[What is being asked]:
Return the data below exactly, minus the pictures.

[Data provided]:
== Segment start ==
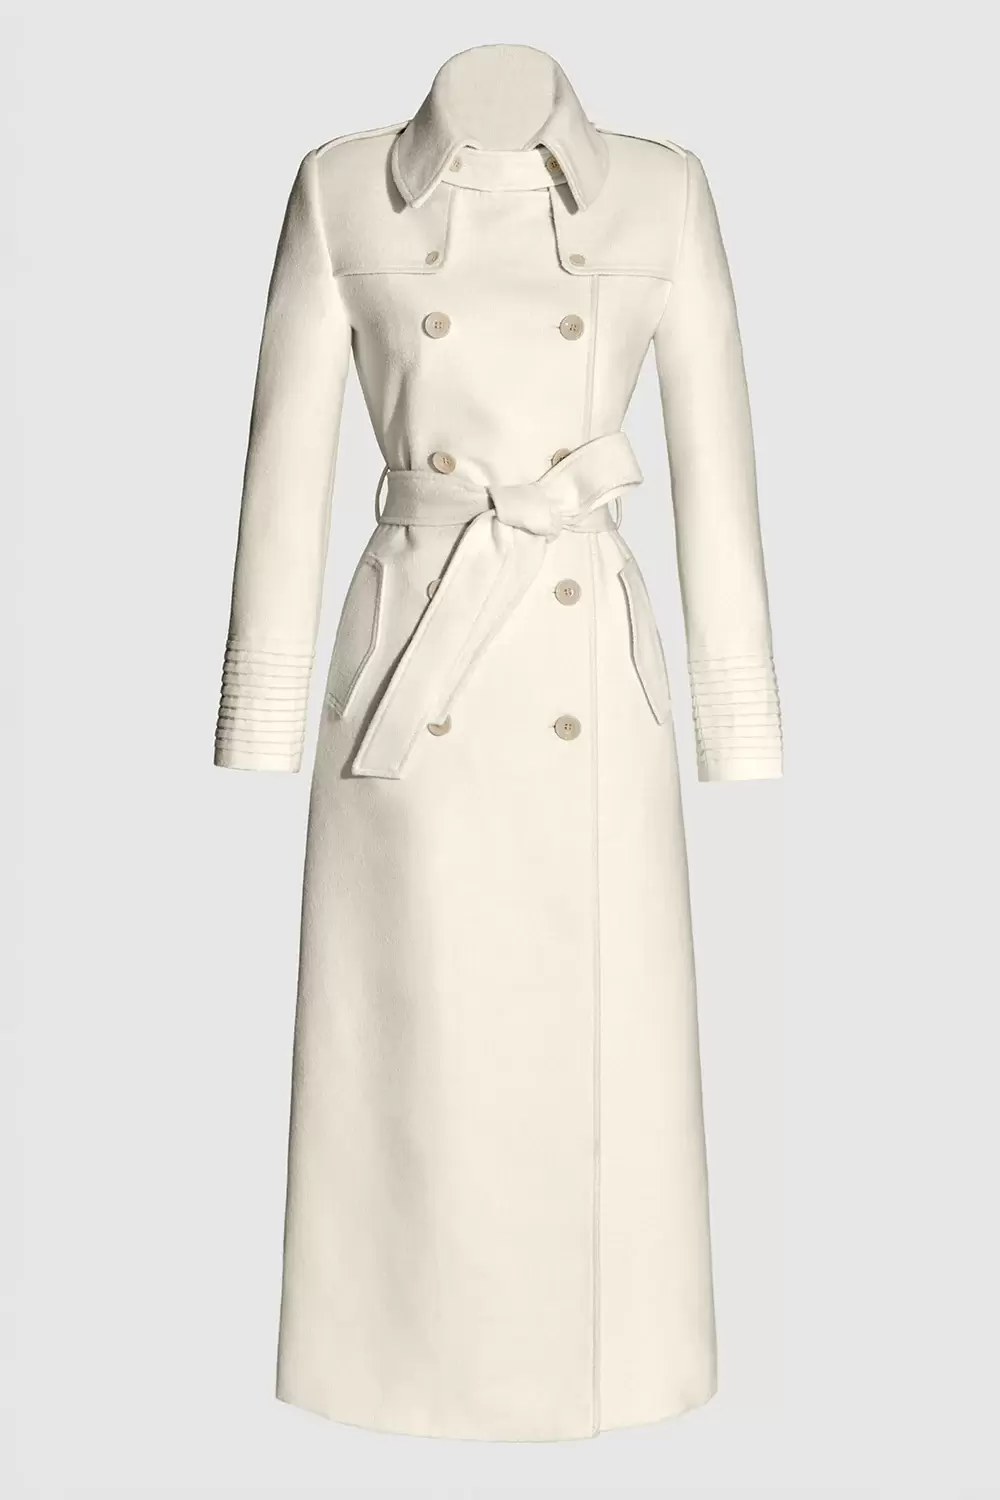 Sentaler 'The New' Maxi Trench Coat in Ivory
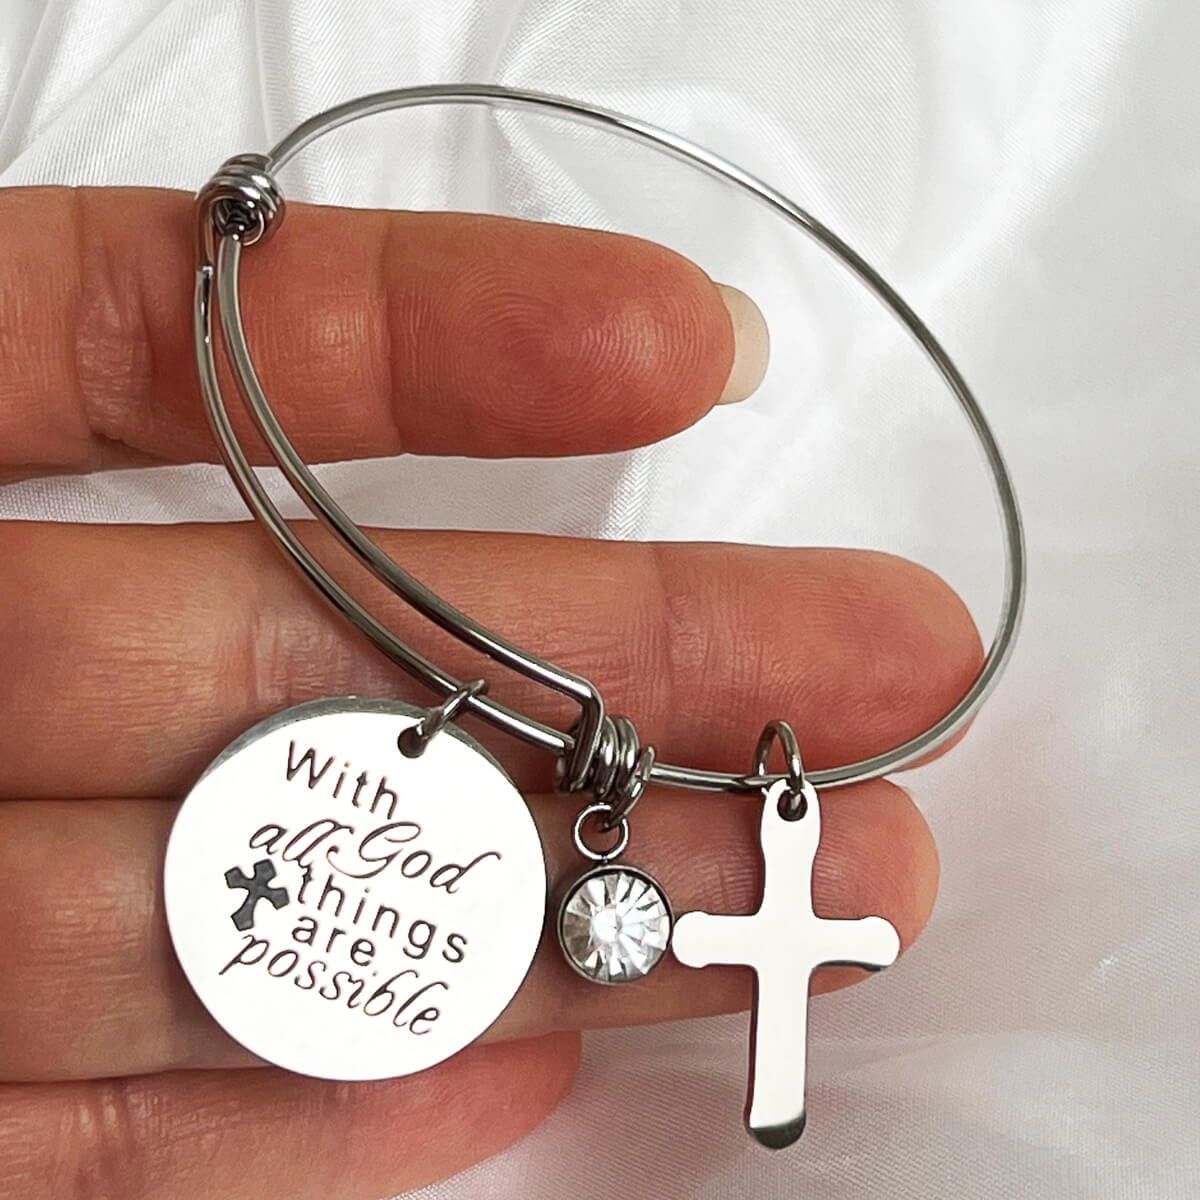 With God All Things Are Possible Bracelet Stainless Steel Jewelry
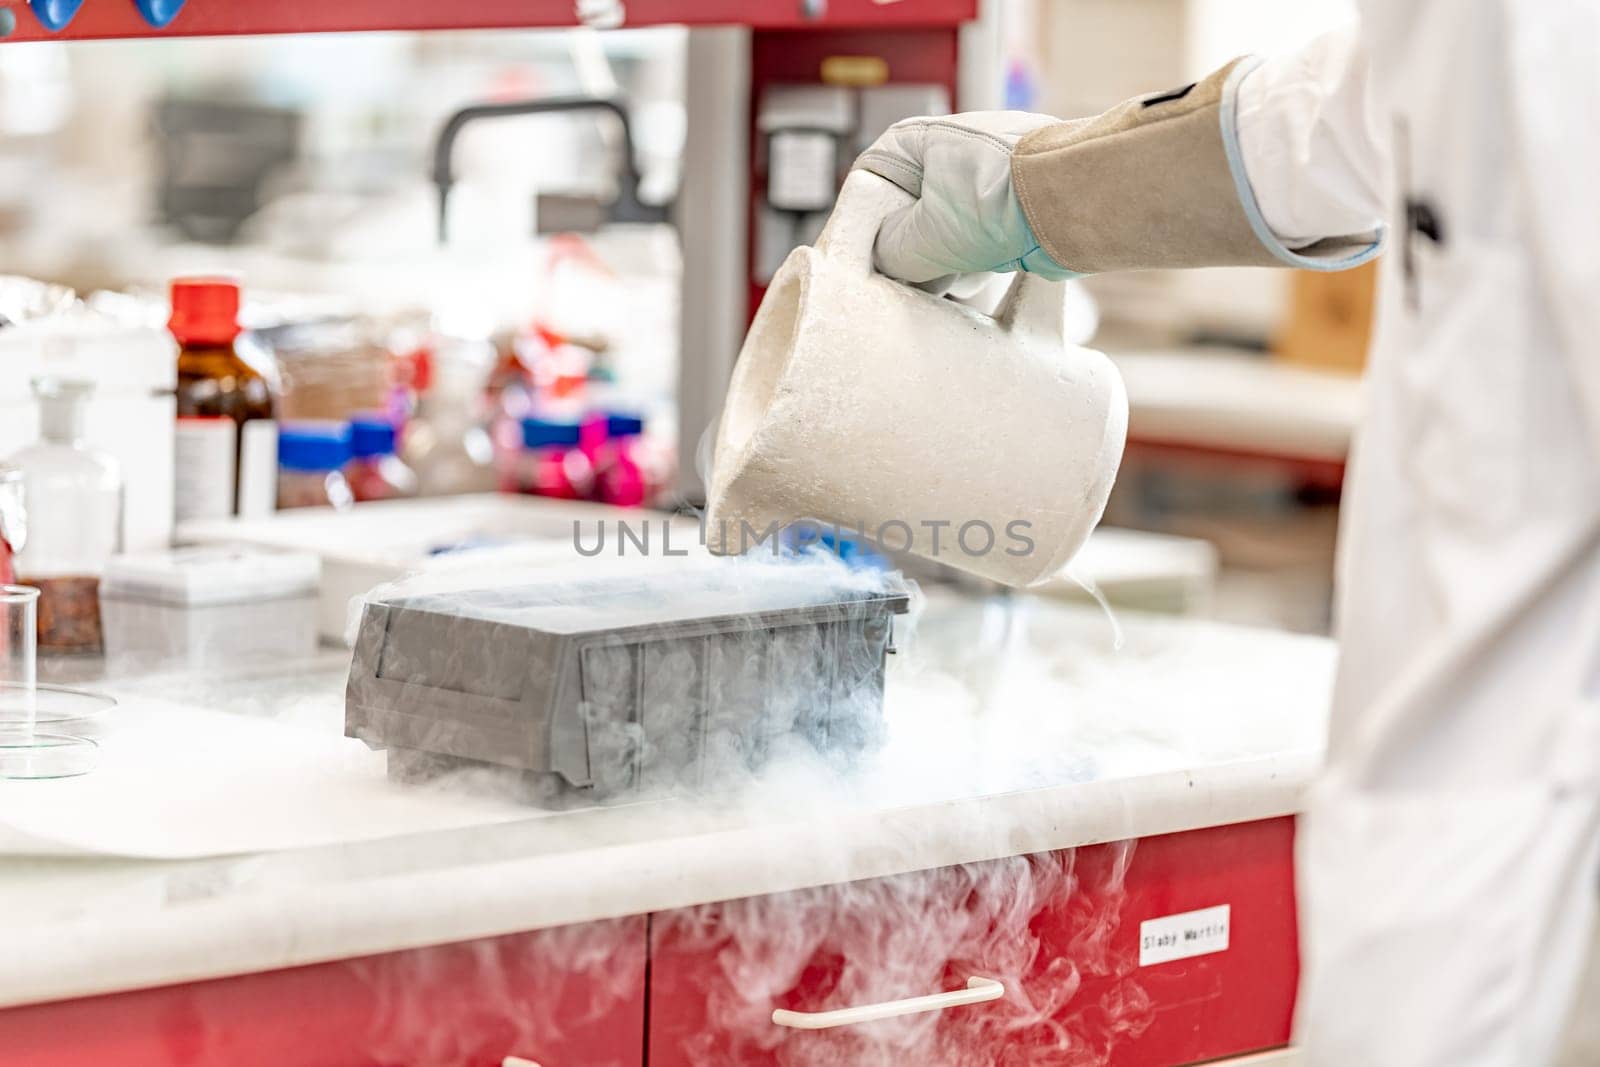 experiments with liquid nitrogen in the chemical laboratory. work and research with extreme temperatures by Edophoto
== Segment end ==
[Reply]:
 Sentaler 'The New' Maxi Trench Coat in Ivory
 With God All Things Are Possible Bracelet Stainless Steel Jewelry
 experiments with liquid nitrogen in the chemical laboratory. work and research with extreme temperatures by Edophoto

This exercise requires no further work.